We have now been involved in a 16-year undeclared war in the Middle East which began with our invasion of Afghanistan in 2001. Americans have learned a great deal about the region during those years. Perhaps most importantly, we have learned that we are no longer admired and respected in the region. That change in attitude has come about primarily because of our military activities there and it follows that further military activity will only increase local hatred for us.
Where does the world stand when the American president is wildly unpredictable?
Our military presence there, even when we are clearly killing bad guys like the Taliban, al-Qaida and ISIS, has created a series of situations in which locals who once appreciated us have found it necessary to choose between us and our enemies. Far too often that choice has been dictated by the fact that the American forces are foreigners killing their countrymen.
We have learned that Syria is run by a minority (13 percent) Alawite (Shia) government and that the vast majority (75 percent) of Syrians are Sunni. We know that 85-90 percent of Muslims are Sunni, leaving the Shia in a tiny minority. We know there is no love lost between them and that they have a long history of conflict. What we are watching in Syria and elsewhere in the Middle East are bits and pieces of that old conflict, now often in the form of civil conflict within “countries,” created a century and more ago by Western imperialist nations, that really can’t survive without relentless internal repression or massive external help.
Picture yourself as a Syrian Alawite (Shia). You are the Shia with your finger in the dike of Sunni repression. You would do anything to maintain the status quo in Syria. The largest Shia country in the region is Iran. Iran has the same concerns about its existence as the Alawites in Syria. They are under the gun from the Sunnis. The Iranians do not intend to see another Shia-run country go down the tubes, so they are supporting Syria both directly and through Hamas and Hezbollah, their surrogates in the Levant.
Additionally, Russia has historical geopolitical designs that have persuaded them to support the minority Alawites in every way possible. After all, Syria is the only country in the regions that has provided Russia with a naval base and that is and always has been a critical consideration for Russia.
What we now have here in America is an elected president who, between the campaign and his incumbency, has changed his position on just about every issue with the possible exceptions of wealth and power. It would appear that he has little understanding of, or is persuaded to overlook, the critically important realities in the Middle East.

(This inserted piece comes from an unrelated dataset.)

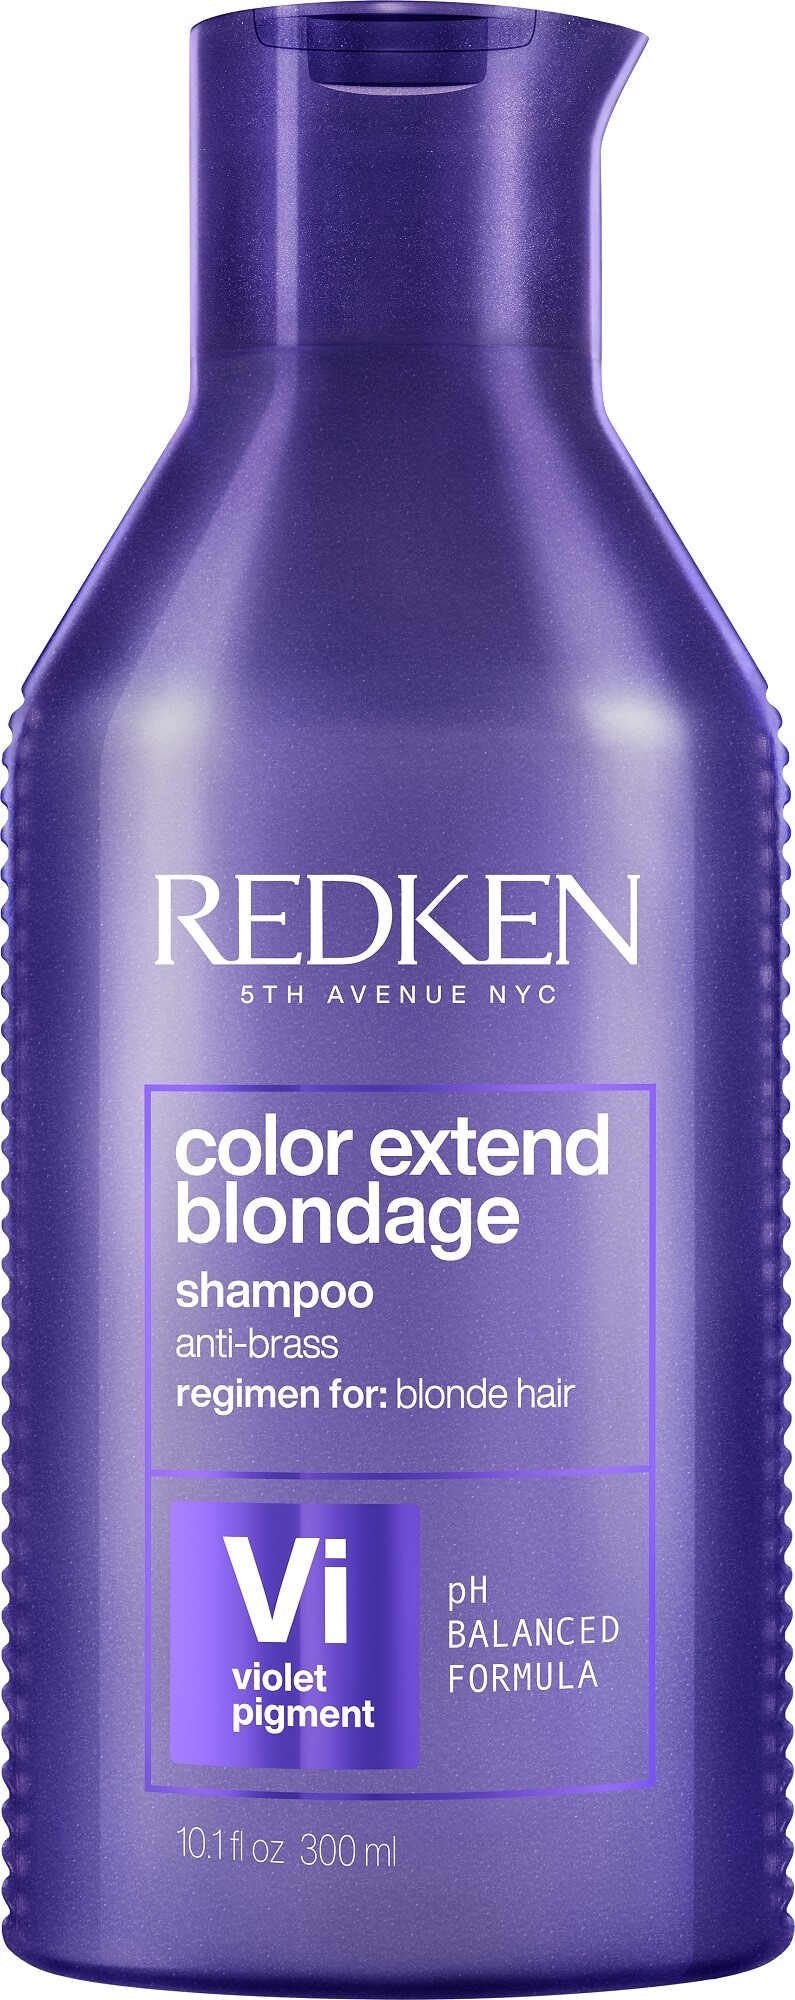 Redken Šampon neutralizující žluté tóny vlasů Color Extend (Blondage Shampoo) 300 ml - nové balení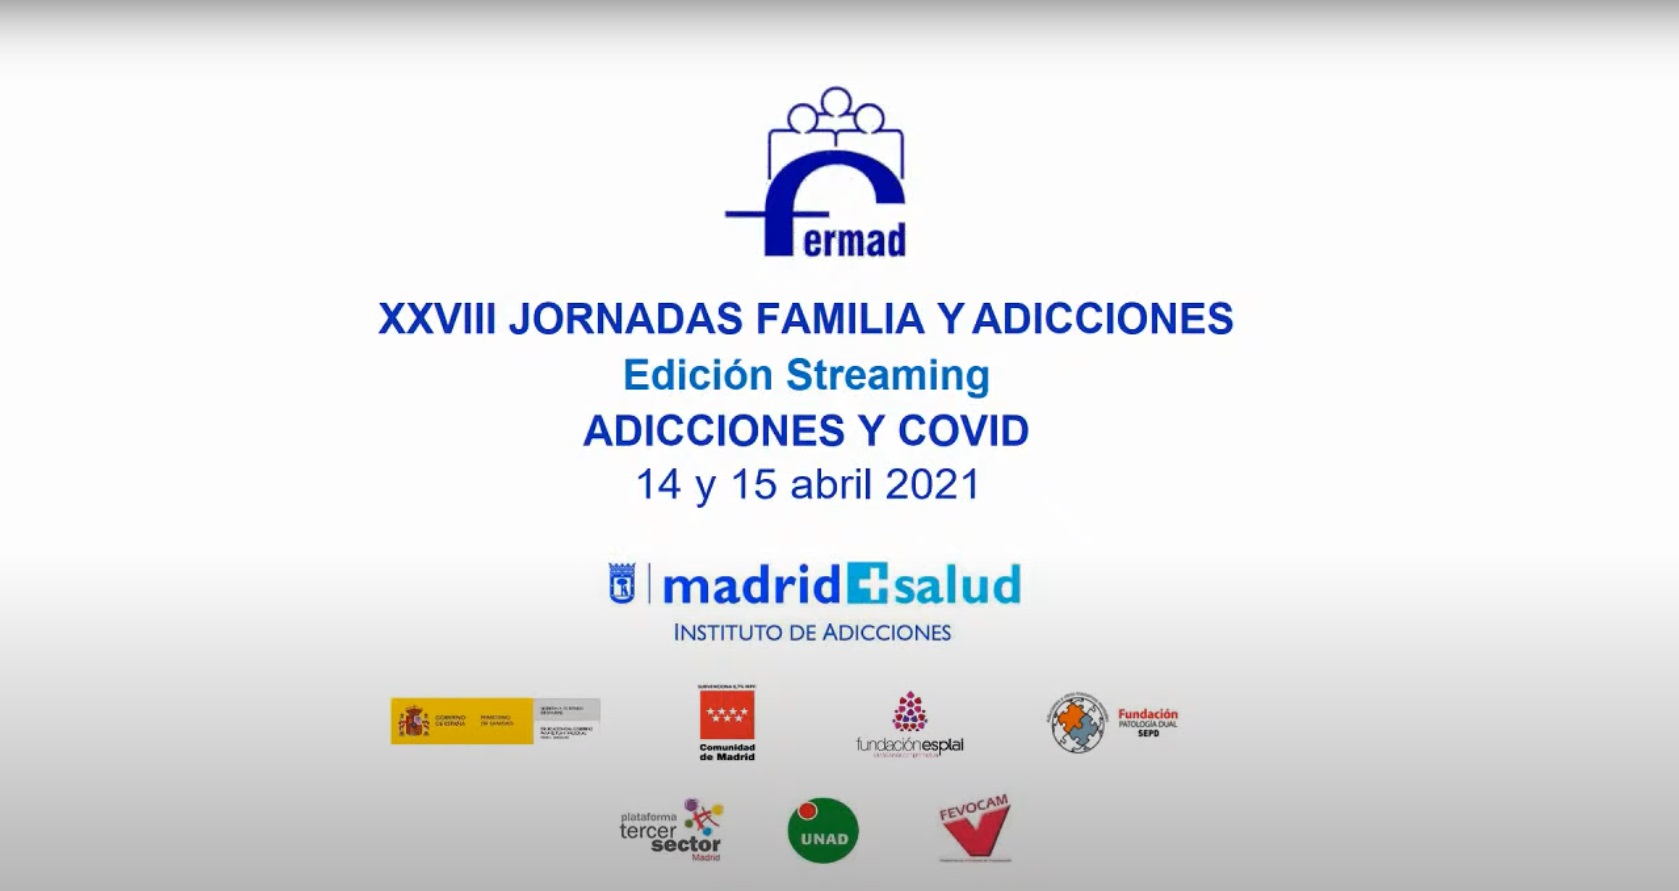 XXVIII JORNADAS FAMILIA Y ADICCIONES. Adicciones y Covid

As unpleasant as that may be for those of us who are disinterested in participating in another Middle East ground war, that is not the real issue. The real and infinitely more dangerous issue is that foreign policy over the millennia has required consistency and some level of predictability on the part of its participants. What probably saved America and the Soviet Union from nuclear annihilation during the Cold War was that each side was, in the main, predictable and thus relatively understandable to the other.
Where does the world stand when the American president is wildly unpredictable? How will he be read by countries like North Korea, China, Pakistan, Iran, Russia and others with actual and hoped for nuclear weapons? What will they do in such a new, completely changed environment?
What is said to have worked in business negotiations will not necessarily work in international relations.